Today's QuiltCon experience was truncated due to a sick husband and needy children. Luckily, I have had a friend agree to watch the kids tomorrow so I can go back. I won't get to go early as I had planned and I think I'll miss my first lecture, but hey! I'm going! I think I've been through almost all of the show. I'm still hunting for a cutting doohickey that I saw my very first day. I hope I can find it tomorrow. I also spoke with a Sulky rep and have been looking covetously at the metallic thread being used to quilt with. I've seen it used sparingly, here and there in certain areas of a quilt on several of them in the show and I love how that works. But I don't want to buy just to buy. I need an idea in mind that I intend to carry out! So, I'm trying to come up with a valid idea by tomorrow. :-)
Thursday, February 19, 2015
Quilt Con Day One
Oh my gosh, I saw so many pretty things today, and I didn't make it even a third of the way through the quilt show! I have so many ideas for quilts! I have been planning to do a quilt for the guest room for so long, but haven't made the time to do it since it's for me, but now I am thinking I should do something other than what I had planned! Too many ideas....
Isn't this great? It's Drunkard's Path, which is a major PITA, but the glorious part of modern quilting is the minimalism, so instead of being an entire quilt of blood, sweat, and tears, it is a select few put to fantastic use! Guest room?
A couple beautiful blocks I saw:
I LOVE this one.
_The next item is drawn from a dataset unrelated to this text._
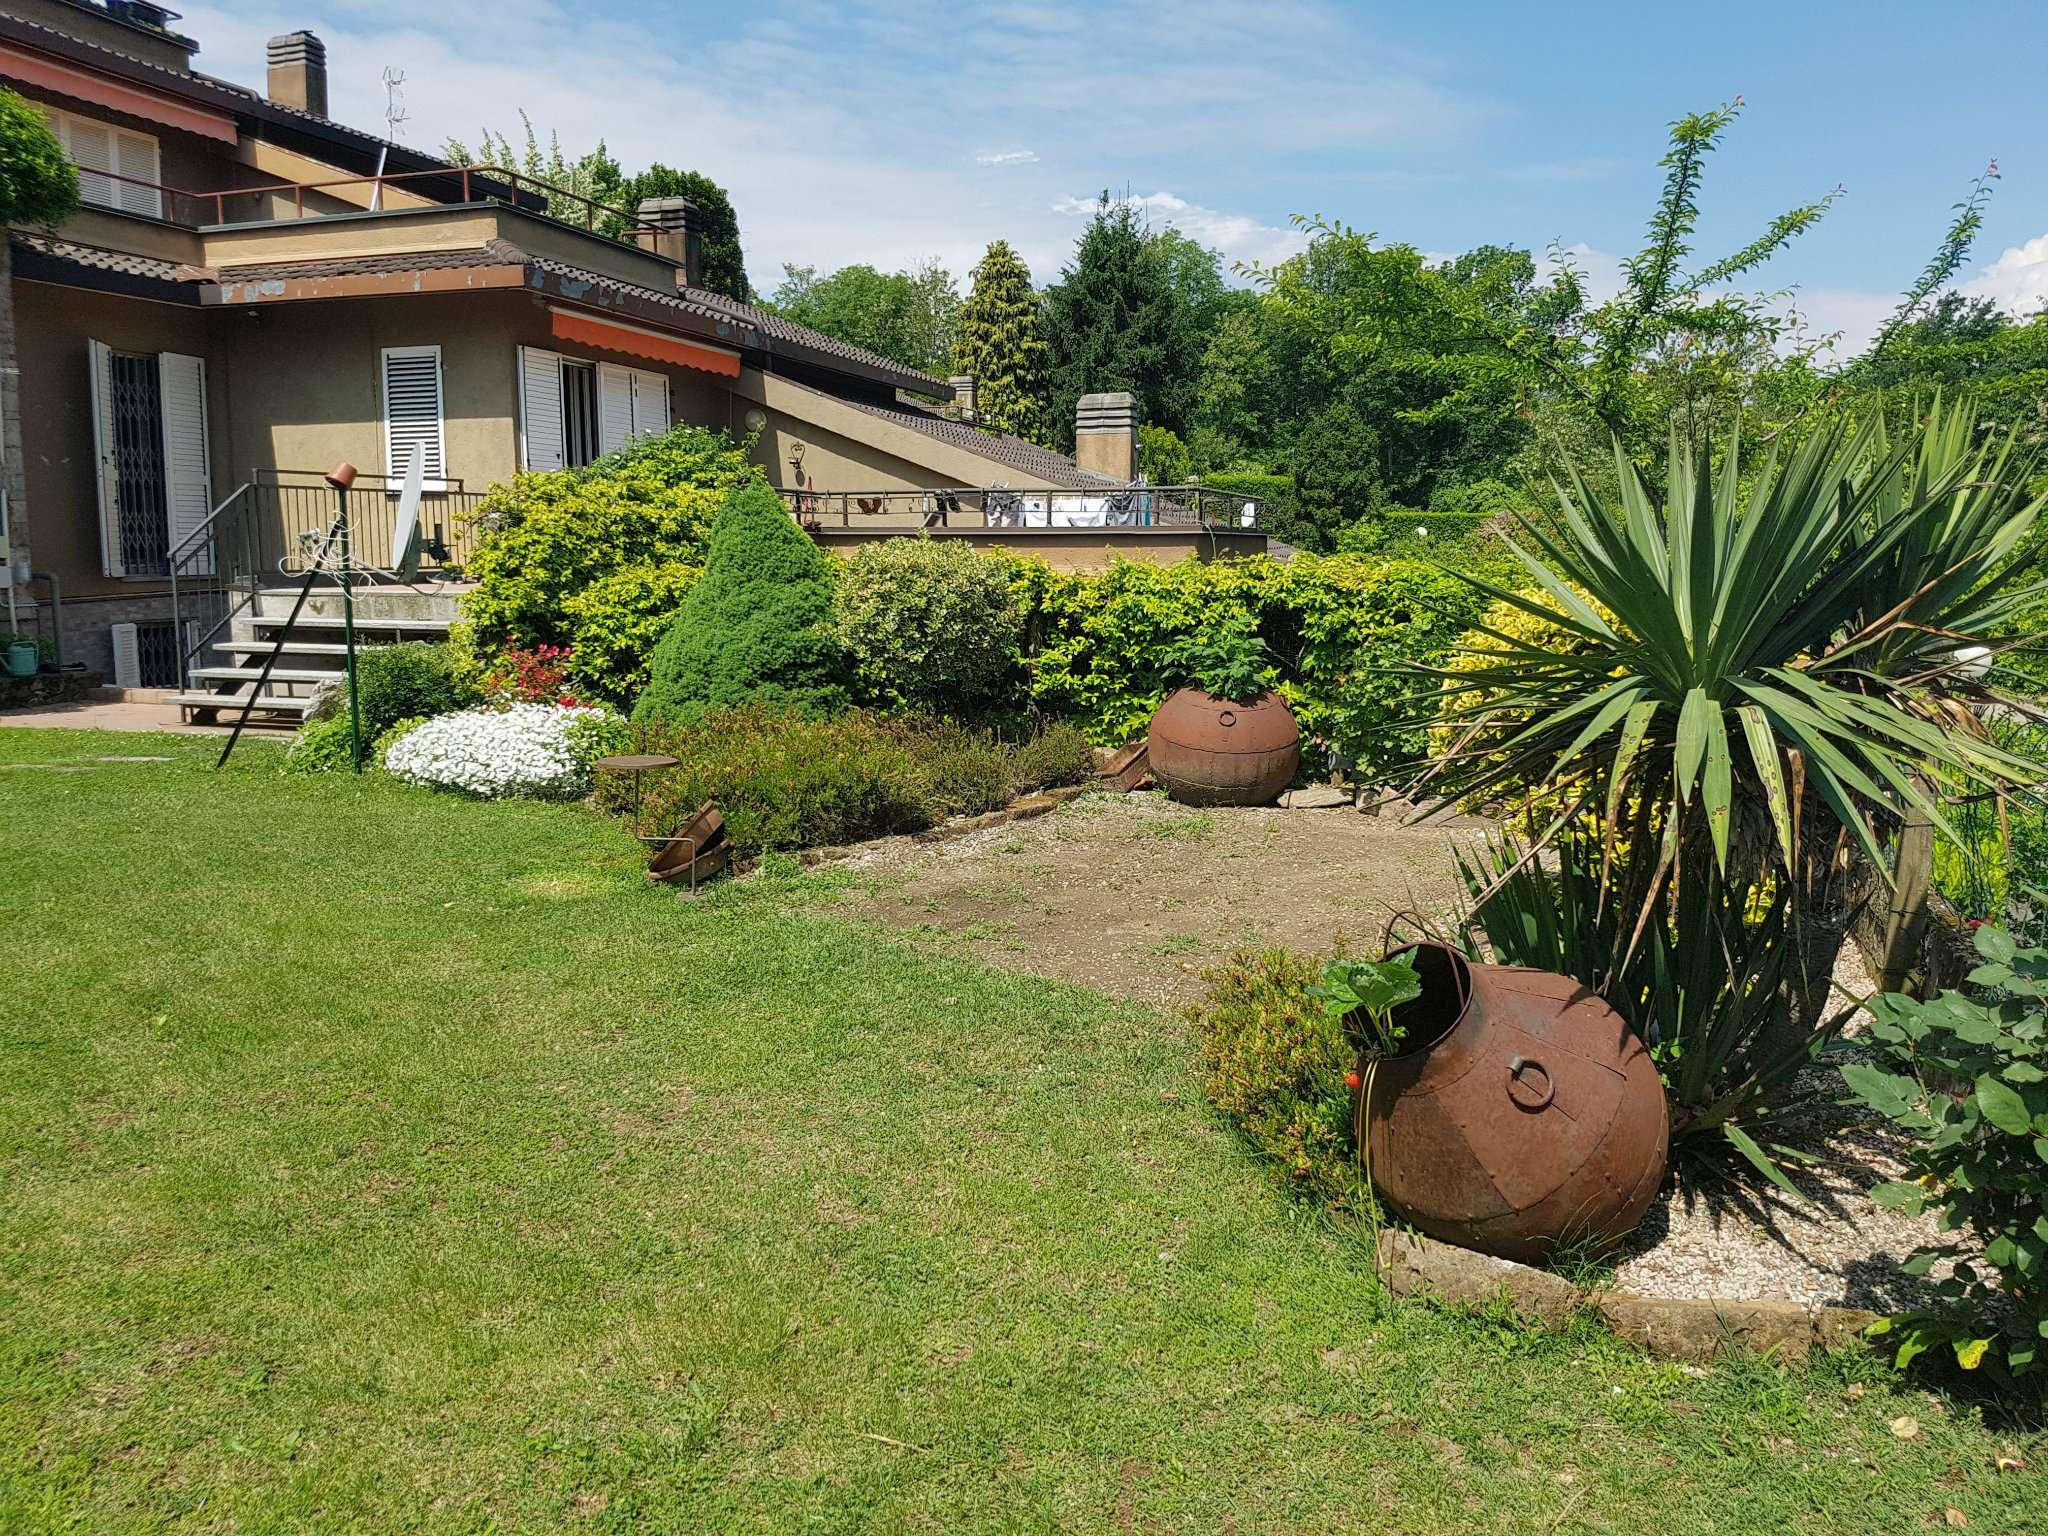 Villa in vendita a Bregano, 4 locali, prezzo € 228.000 | CambioCasa.it

They pieced the background first with those muted colors and then cut squares of it and sewed it with the white to make the star. Absolutely fantastic. This is one of my new thoughts for the guest room quilt.
I went to a lecture all about improvisational quilting - well, it was really the lecturer taking us through the details of her new book that is debuting at QuiltCon which is about improvisational quilting - that was interesting. If only I was better at curves! Anyway, in her new book, she has improv "scripts", which are her version of "patterns" but which are supposed to indicate less rigidity of form. Anyway, one of the scripts is to do ovals and wedges, and there were some examples of quilts made using her script. Is this one not fantastic?
Here are a couple of whole quilts that I thought were great:
This was in the lecture hall, versus the show, and my eye just kept being drawn to it. I was disappointed that the quilting wasn't more elaborate....
And then there's this one. It is spectacular:
The picture does not properly convey the feelings it evokes in person - it is so haunting, disjointed and sad, with a smudge of hopefulness along the edges (or is that just me?). But so pretty.
I saw lots of examples of quilting to emulate:
I particularly like the curved vertical lines that are above the feather.
These stars mirror pieced stars found elsewhere on the quilt. Aren't they amazing? I wonder if it is programmed or free-motion?
Okay, at this point, my phone died. In the last hour I was there, I saw at least five more quilts to document for later inspiration! Tomorrow I'm taking my phone charger with me.